Conclusions

In Breeding Pest-resistant Trees, the only dedicated book on the subject published in 1966, the authors state that "very few intensive efforts to breed insect resistant trees have been started, and even these [are] in their infancy". This statement is still valid today although the use of biotechnology has brought about significant changes in the research area.

Based on the information gathered in this review, there are two important conclusions that should prompt further discussions in government and private agencies that fund or undertake research into disease and pest resistance breeding.

First, there has been an enormous amount of research into many of the biological details of many host–disease/pest systems, whether with molecular markers associated with the resistance or more basic population or individual tree surveys for the expression of resistance. A great deal of this research has given us substantial insight into many types of tree responses and mechanisms of resistance to numerous biotic challenges. However, although of great biological interest, much of it has had a difficult time in finding its way into applied breeding programmes and deployment of improved resistant material. There are likely several reasons for this, but the most common seems to simply be that the species/populations do not have well-developed tree improvement programmes to support the delivery of any resistant selections. Another may be that resistance is present, but it may not be silviculturally useful for the scale of the biotic challenge, but this is difficult to definitively pin-down from literature.

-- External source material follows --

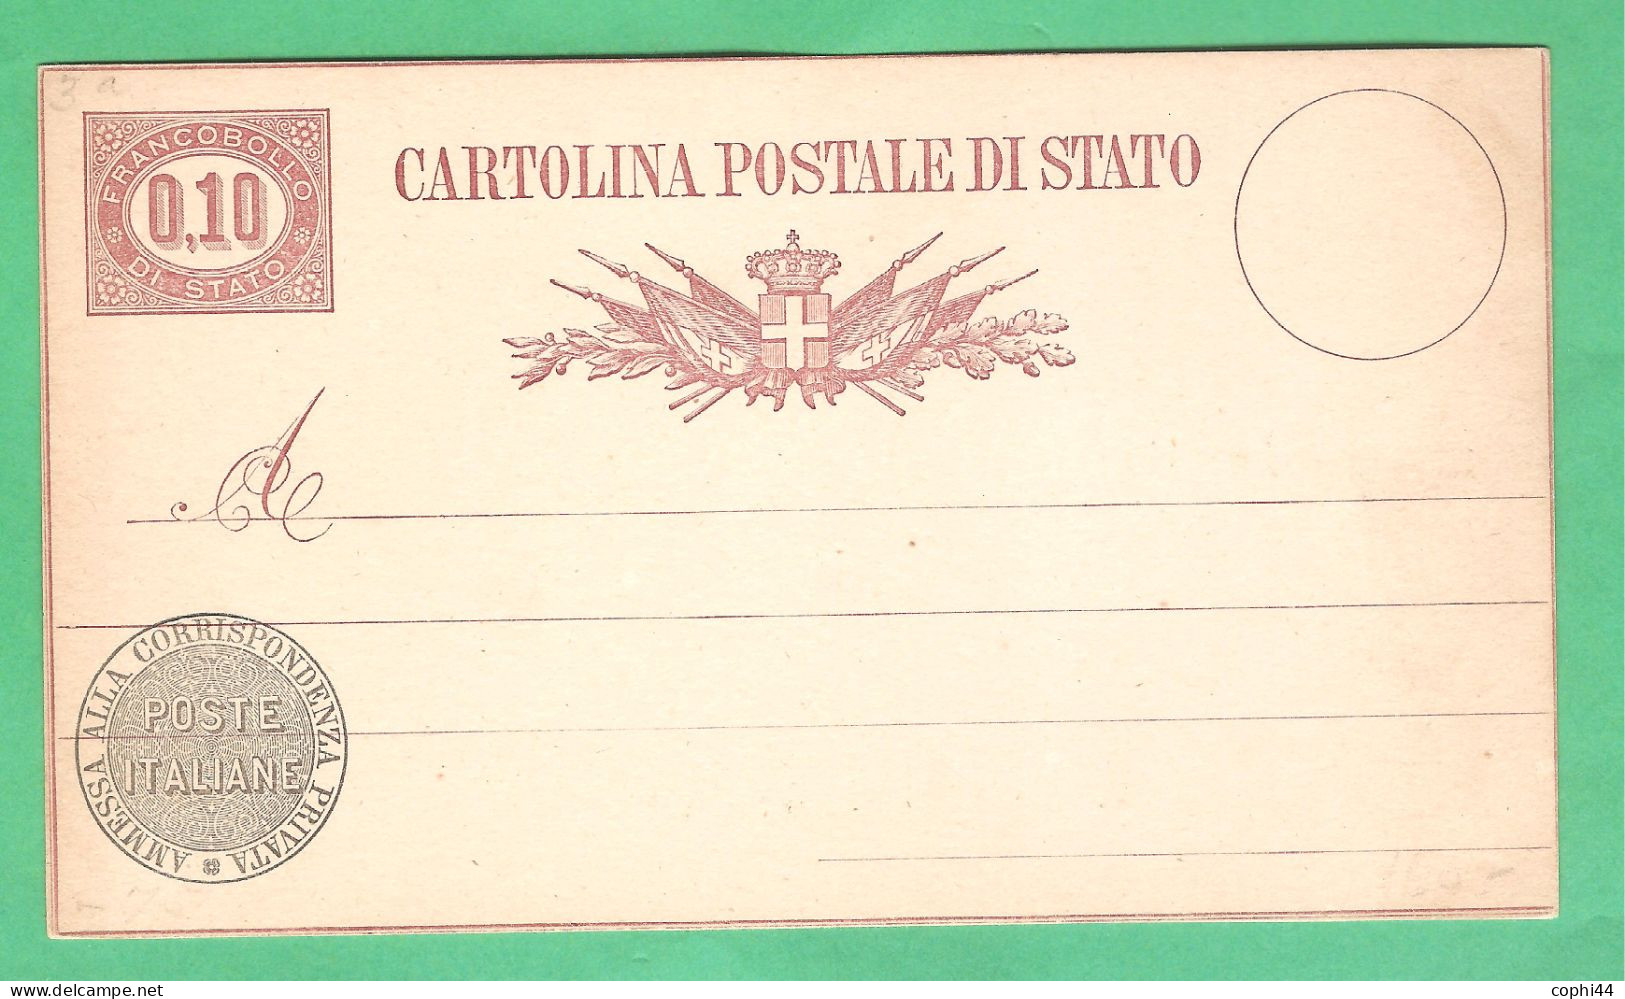 REGNO D'ITALIA 1877 VEII CARTOLINA POSTALE SERVIZIO DI STATO N. 3 Lire 0,10 NUOVA 2 FILETTI BUONE CONDIZIONI - Interi Postali

Second, the relatively few programmes that have advanced far enough to be actually deploying improved resistance in reforestation efforts, have been in developed countries that have had substantial resources to maintain the needed efforts of selection, testing and seed production. For example, the disease resistance programmes in the southeast United States for fusiform resistance in loblolly pine, needle-cast resistance in radiata pine in New Zealand, blister rust resistance in white pine in western North America, and resistance to spruce terminal weevil in spruces in western North America largely still represent the biggest successes. However, a few new programs, such as root disease resistance in Port-Orford cedar, can now be considered operational as well.

Lastly, the 4th International Workshop on the Genetics of Host-Parasite Interactions: Diseases and Pests in Forestry, held in 2011, was one of the most important conference in tree breeding for disease and pests resistance since its inception. It was one of the few conferences we are aware of that brought tree breeders, pathologists, entomologists, ecologists and evolutionary biologists together to discuss pest and disease resistance breeding; all five disciplines are now considered important in this field for future success in developing and deploying more resistant germplasm in forested ecosystems (in planted or semi-natural forests).

The conference had research and development presentations broken down into seven topic areas:

  1. Mechanisms of Resistance
  2. Breeding for Resistance in a Changing Environment - Durable Resistance: Hopes, Pitfalls, and Management Strategies
  3. Ecology and Evolutionary Biology of Resistance and Tolerance, Natural Systems
  4. Molecular and Genomics Tools in Resistance Programs
  5. Evaluating Resistance
  6. Fusiform Rust Resistance
  7. Resistance Breeding Programs

While it is not possible to summarize all aspects of the conference, or the papers presented there, several key messages or major new developments that surfaced at the conference were:

  1. Developing genetic resistance to all current pests of forest trees is obviously impossible, but certain classes of the most prevalent and damaging types of insect or diseases may be an approach for focussing a wider body of research towards. There was little doubt that overall the Phytophthora’s are representing some of the biggest concerns across the world.
  2. With new pests and disease problems becoming more prevalent, and surfacing at a  pace faster than we perhaps have seen previously, we may “...need to combine multiple-defence traits to fight against the wide range of potential pests”. So, we are probably in a situation of trying to find where ‘cross resistance’ is present, to our best guess of what pests or pathogens we could be facing, and then combining or ‘stacking’ various resistance mechanisms.
  3. While there are some large successes in ‘commercial focussed’ tree breeding programmes, the approaches and products of resistance selection and screening we use in tree breeding, could be used and applied in restoration strategies for semi-wild or even natural ecosystems that have been devastated by exotic pests and diseases. Several examples of work that is underway, that may lead to such ‘enrichment’ plantings to re-establish species devastated or being devastated by exotic pests, were/are; Sudden Oak Death syndrome for tanoaks), elm in America, elm in Europe, Pacific madrone, Hawaiian koa, and emerald ash borer,  beech bark disease and butternut canker in America. All of these examples are similar in the general objectives to the work that has been underway now for decades now in American chestnut. Perhaps this represent the majority of the work in the future, if exotic pest introductions continue around the globe.

In conclusion, while noteworthy progress and successes can still be expected, the challenge to forest tree breeders, forest managers and funding agencies to try and find ways to focus efforts on high priority disease or pest resistance in regions, countries and areas with relatively fewer resources available, still remains significant. As noted many times here, this may be particularly true if factors such as climate change continue to increase the prevalence of insect outbreaks, and as more exotic pests and diseases become established in new countries.